Damjan Kozole (born 1964 in Brežice, Slovenia) is a Slovenian filmmaker whose directing credits include the 2003 critically acclaimed Spare Parts and 2009 worldwide released Slovenian Girl, among others. Spare Parts was nominated for the Golden Bear at the 53rd Berlin International Film Festival; in 2008 Sight & Sound ranked this film among the ten most important films of the New Europe.

In 2012, Kozole received Lifetime Achievement Award at the Rome Film Festival.

In his films, "some of the most raffish, funky and even sordid characters discover their own humanity" (Alissa Simon, Variety).

For his new film Nightlife (2016) he won Best director award at the 51st Karlovy Vary International Film Festival.

== Selected feature films==

- Spare Parts (Rezervni deli)
His 2003 feature film Spare Parts tells a story of two human traffickers from a small town in Slovenia who transport illegal migrants from Croatia on to the Western Europe, for a hefty fee. The film was premiered in the Competition Programme at Berlinale 2003 and following that at more than fifty international film festivals, where it won many international awards. It was released theatrically in more than 20 countries. According to The Guardian, "Slovenian writer-director Damjan Kozole has given us one of the most powerful and provocative movies of the year" (Peter Bradshaw). 2008 Sight & Sound ranked Spare Parts among ten most important films of the “New Europe”.

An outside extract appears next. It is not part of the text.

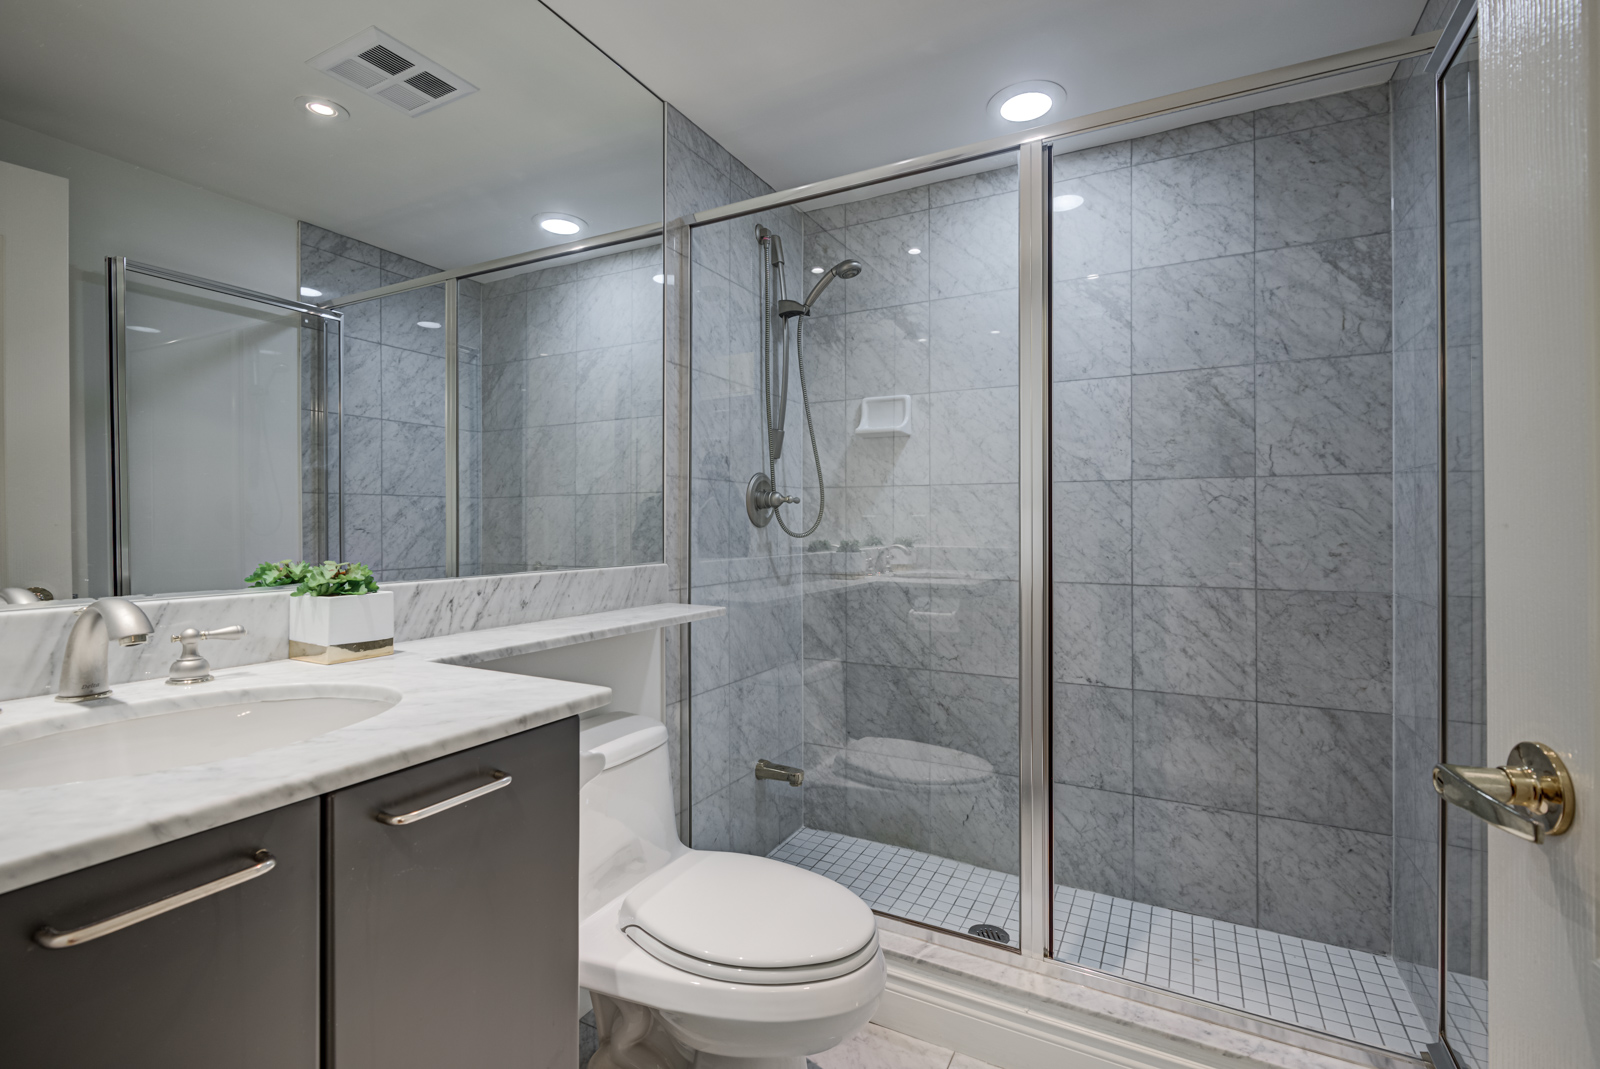 Bathroom in dark grays, lots of glass, and standing shower with detachable showerhead.
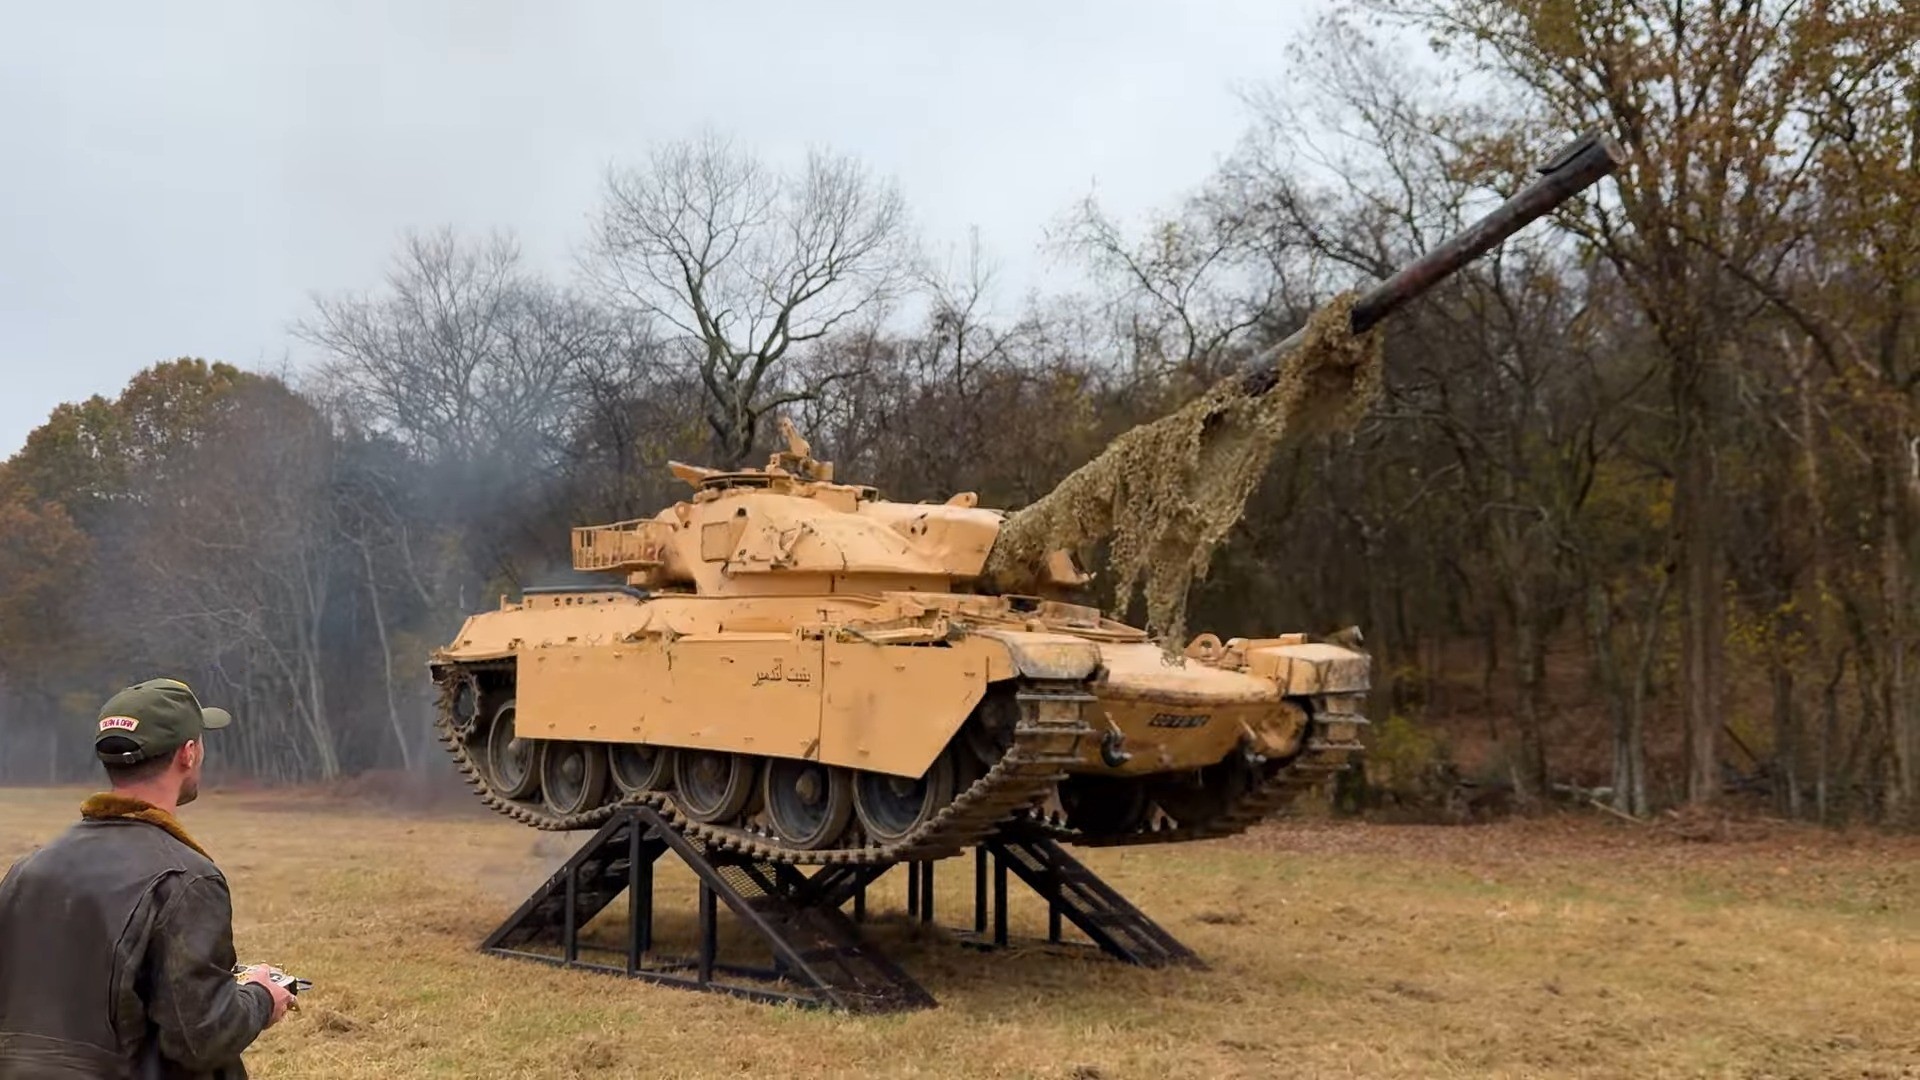 https://s1.cdn.autoevolution.com/images/news/texas-remote-controlled-full-size-battle-tank-smashes-things-for-social-media-adulation-225375_1.jpg

- Labour Equals Freedom (Delo osvobaja)
Labour Equals Freedom was premiered at the Locarno International Film Festival 2005 and won the Grand Prix (Golden Palm) and best director award (Silver Palm) at the 2006 Valencia Int. Film Festival. It tells a story of a depressed middle-age man who, due to a twist of fate, finds new joy in life through working for the common good. According to Variety, "Kozole creates a mood of affectionate cynicism, with shrewd subtexts tallying foibles of contempo society" (Eddie Cockrell).

- Forever (Za vedno)
Forever (2008) is a minimalist, full-length feature film Kozole shot in six nights in his own apartment. The film was premiered at the Rotterdam International Film Festival 2008 and won the Golden Sun award for best film at the European Film Festival in Skopje, Macedonia. The story of Forever develops in almost real time. We witness what is going on behind an apartment door: the hellish psychological moments of a couple where the thin line between love and hate breaks down. According to Rotterdam International Film Festival programmer Ludmila Cvikova, "the script is masterfully processed by the director and the entire film is carried by the excellent achievements of the two leading actors".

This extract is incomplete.